I have tried running The Crew via Wine + DXVK while having amdgpu.runpm=0 in my kernel params and it seems that discrete GPU was being used as the framerate was more than fine.
Comment 8 Alex Deucher 2019-08-12 17:01:49 UTC
(In reply to Maxim Sheviakov from comment #7)
> By the way, how *exactly* does disabling runpm affect the system? Does it
> leave the discrete GPU always-on or vice verse? Or does it vary on each
> system?

It leaves the dGPU powered up all the time rather than dynmically powering it on/off as needed.

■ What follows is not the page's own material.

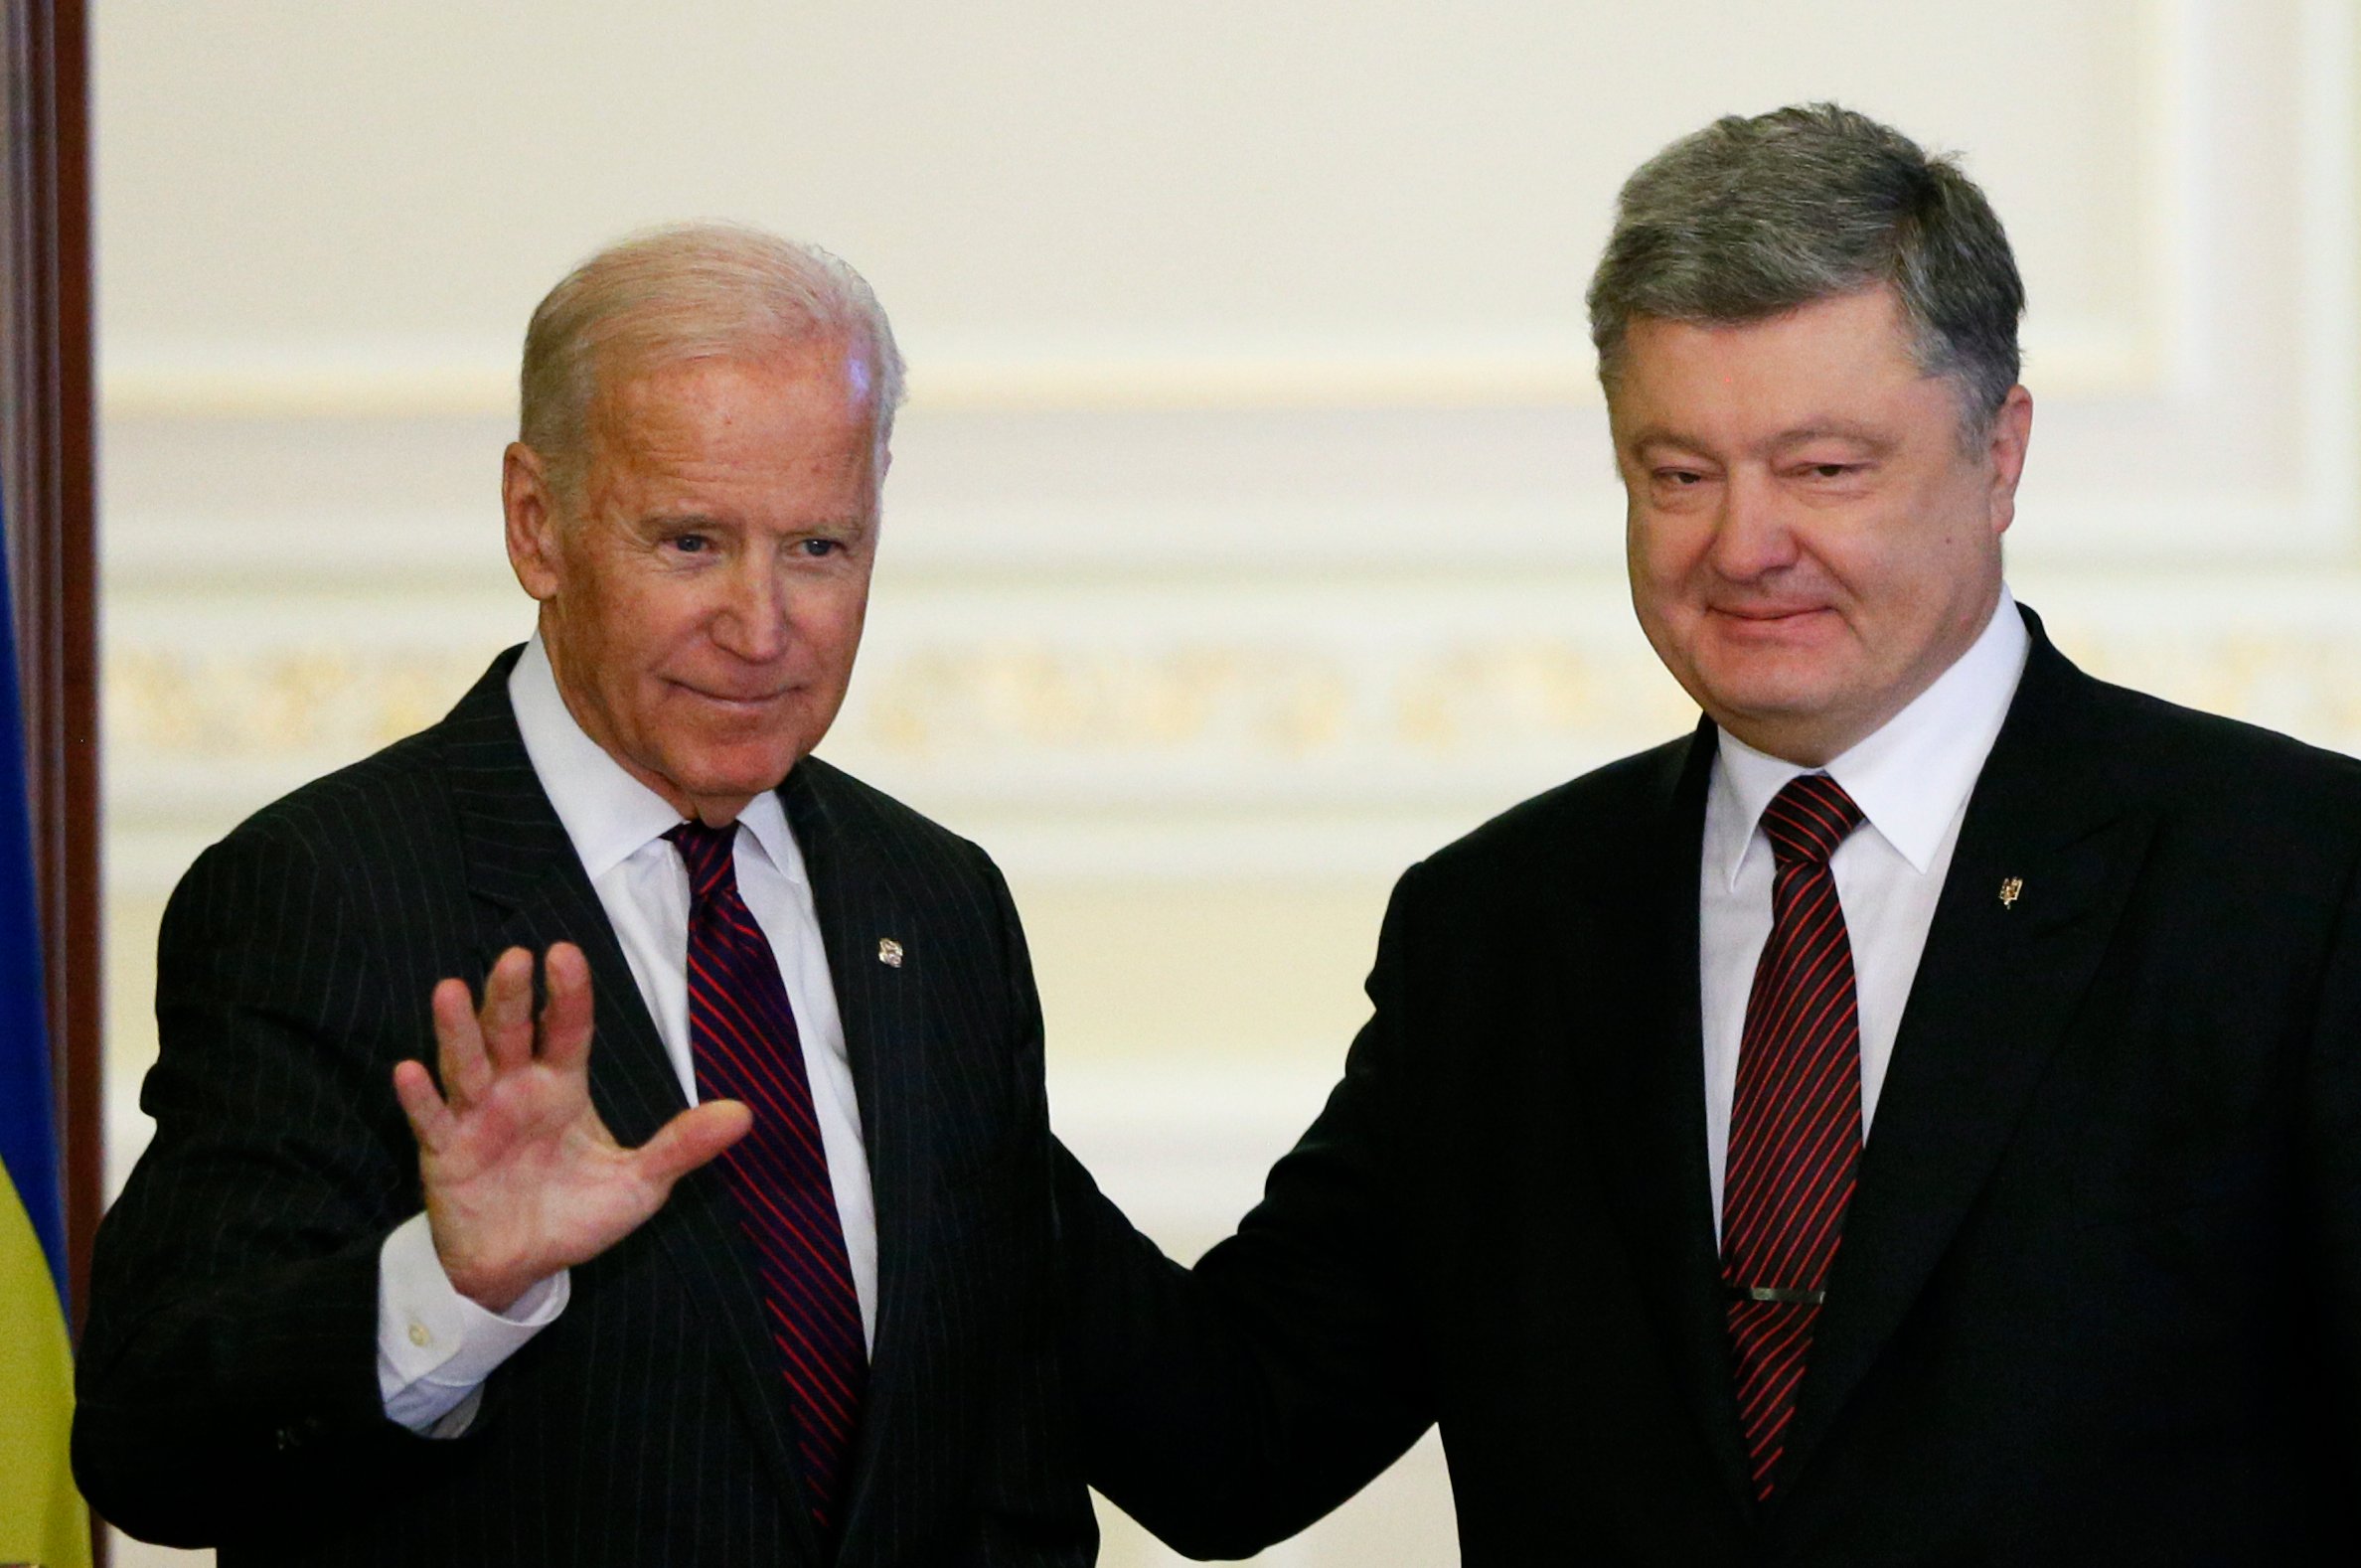 Ukrainian President Petro Poroshenko (R) and U.S. Vice President Joe Biden attend a news conference in Kiev, Ukraine, January 16, 2017. REUTERS/Gleb Garanich

> I have tried running The Crew via Wine + DXVK while having amdgpu.runpm=0 in
> my kernel params and it seems that discrete GPU was being used as the
> framerate was more than fine.

You can use xrandr to pick which GPU you want to use for rendering.
Comment 9 Maxim Sheviakov 2019-08-12 17:26:31 UTC
Thanks for your explanation. By the way, disabling runpm also seems to fix the other issue with disabling the display after activating the lockscreen as a powersaving measure.
Is there anything else I can do to help with this one? The whole thing seems to be an issue somewhere in the dynamic switching mechanism, which works - but is not really stable with all these hangs at certain conditions.
Comment 10 Christopher Snowhill 2019-09-07 06:55:57 UTC
This looks like an issue I'm having intermittently with the GPU failing to resume from system sleep mode. Do I need to report a separate issue for this? Should I also bother to test the runpm=0 workaround?
Comment 11 Christopher Snowhill 2019-09-07 06:58:35 UTC
Oops, I neglected to mention: The system is non-responsive to input devices, as the USB input appears to all be completely powered off after the GPU crashes, but the network interface is still working, as is sound output, and I'm able to log into the machine via SSH. It does, however, lock up if I attempt to soft reboot it.

The full dmesg from the session that eventually crashed is still available in the journal, up to where it was flooding sdma0 timeouts and failures.
Comment 12 thejoe 2019-10-25 16:38:23 UTC
Have seen the same kernel oops on a dell XPS 15 2-in-1 9575 with vega m hybrid graphics.  As far as I could tell it was not triggered by anything specific (eg mpv playbck) though.  Running run runpm=0 now, and haven't seen it again yet, but only have seen it once or twice without runpm=0.
Comment 13 Maxim Sheviakov 2020-01-03 17:40:49 UTC
I'm on kernel 5.4.7 now and seems like this particular issue is fixed - I tried playing some movies with runpm enabled and things seemed to be okay. Though it looks like dGPU performance with runpm is considerably worse than without runpm, but I guess that's another issue :)

Can anyone confirm if everything's fine now?
Comment 14 thejoe 2020-01-07 22:31:03 UTC
i have not seen the oops on a 5.3.x kernel (ubuntu eoan), even without tweaking the runpm setting (again, only saw it a few times on an earlier kernel).